Rao Vanishree, Kumar Gautam, Vibhavari R J A, Nandakumar Krishnadas, Thorat Nanasaheb D, Chamallamudi Mallikarjuna Rao, Kumar Nitesh
Department of Pharmacology, Manipal College of Pharmaceutical Sciences, Manipal Academy of Higher Education, Manipal, 576104, Karnataka, India.
Nuffield Department of Women's and Reproductive Health, John Radcliffe Hospital, Medical Sciences Division, University of Oxford, Oxford OX3 9DU, United Kingdom.
CNS Neurol Disord Drug Targets. 2023;22(6):817-831. doi: 10.2174/1871527321666220404180944.
Chemotherapy with the oral alkylating agent temozolomide still prevails as a linchpin in the therapeutic regimen of glioblastoma alongside radiotherapy. Because of the impoverished prognosis and sparse chemotherapeutic medicaments associated with glioblastoma, the burgeoning resistance to temozolomide has made the whole condition almost irremediable.
The present review highlights the possible mechanisms of drug resistance following chemotherapy with temozolomide.
The review summarizes the recent developments, as published in articles from Scopus, PubMed, and Web of Science search engines.

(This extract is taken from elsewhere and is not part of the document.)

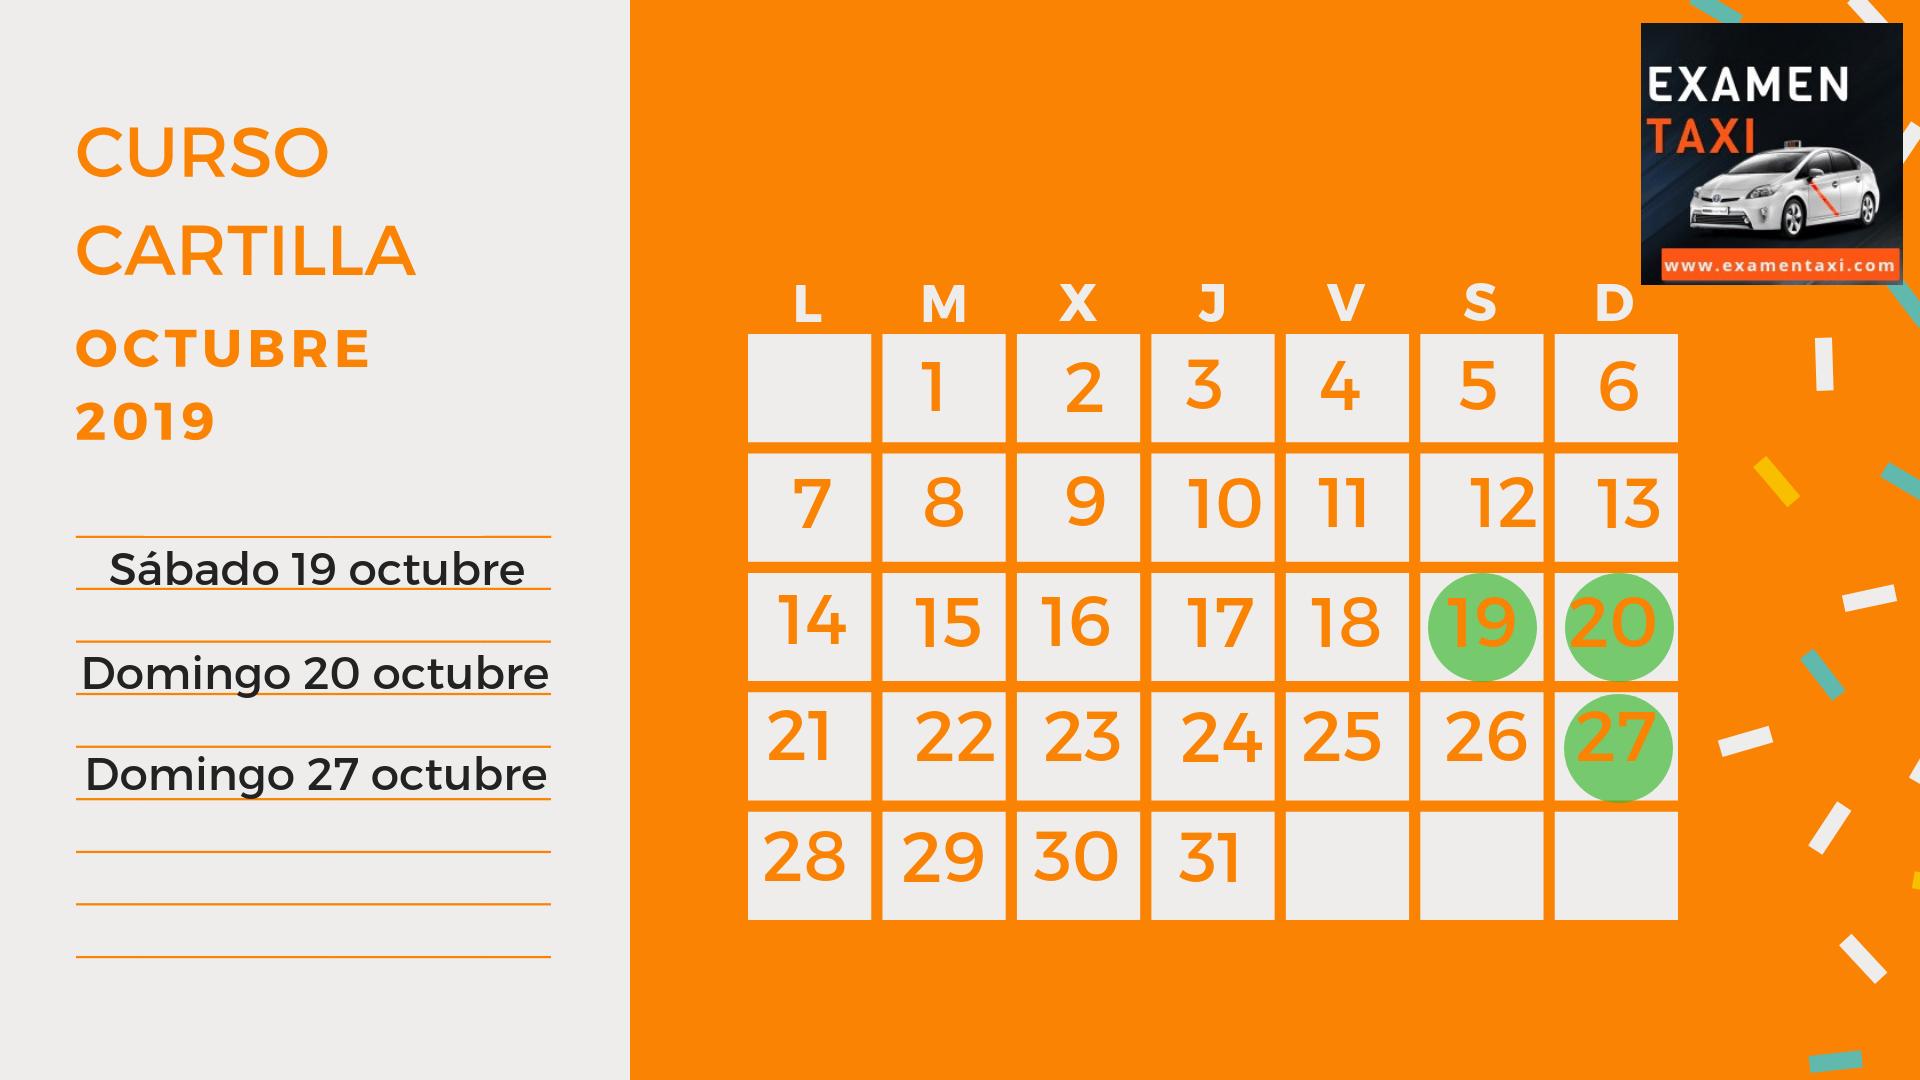 calendario curso cartilla taxi octubre 2019

One of the prime resistance mediators, O-6-methylguanine-DNA methyltransferase, upon activation, removes temozolomide-induced methyl adducts bound to DNA and reinstates genomic integrity. In the bargain, neoteric advances in the conception of temozolomide resistance have opened the door to explore several potential mediators like indirect DNA repair systems, efflux mechanisms, epigenetic modulation, microenvironmental influences, and autophagy-apoptosis processes that constantly lead to the failure of chemotherapy.

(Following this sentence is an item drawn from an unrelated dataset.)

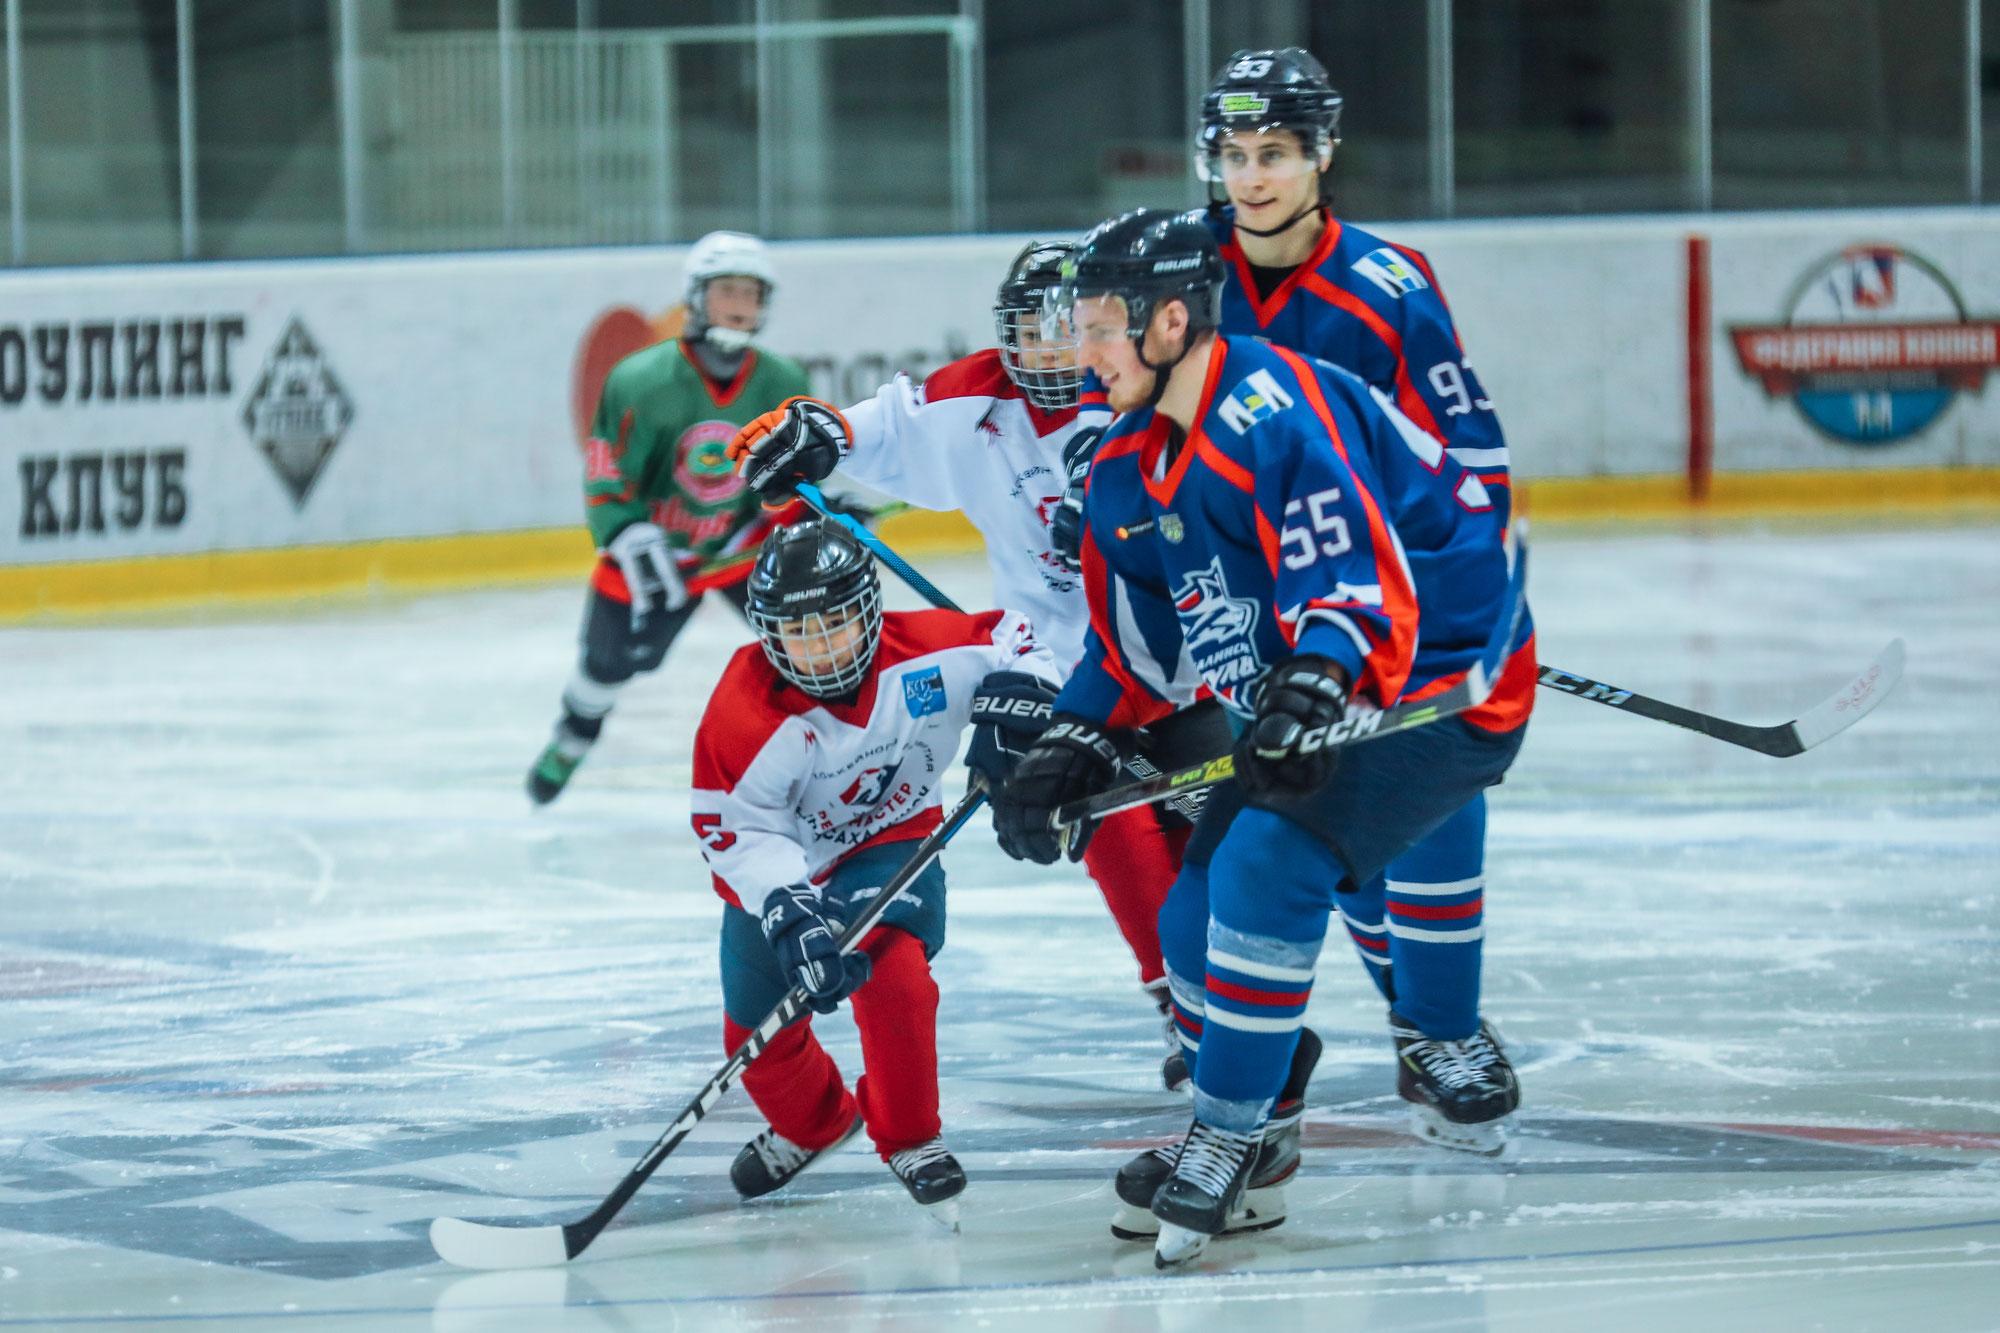 На Сахалине состоялся благотворительный  хоккейный матч

This review sheds light on recent discoveries, proposed theories, and clinical developments in the field of temozolomide resistance to summarize the complex and intriguing involvement of oncobiological pathways.
口服烷化剂替莫唑胺化疗仍是胶质母细胞瘤治疗方案中与放疗并驾齐驱的关键手段。由于胶质母细胞瘤预后不佳且化疗药物匮乏,对替莫唑胺迅速产生的耐药性使整个病情几乎无法挽救。
本综述重点介绍替莫唑胺化疗后耐药的可能机制。
本综述总结了Scopus、PubMed和Web of Science搜索引擎发表文章中的最新进展。
主要耐药介质之一O-6-甲基鸟嘌呤-DNA甲基转移酶激活后,可去除与DNA结合的替莫唑胺诱导的甲基加合物,恢复基因组完整性。同时,替莫唑胺耐药概念的新进展为探索多种潜在介质打开了大门,如间接DNA修复系统、外排机制、表观遗传调控、微环境影响以及自噬-凋亡过程,这些因素不断导致化疗失败。
本综述阐明了替莫唑胺耐药领域的最新发现、提出的理论和临床进展,以总结肿瘤生物学途径复杂而有趣的参与情况。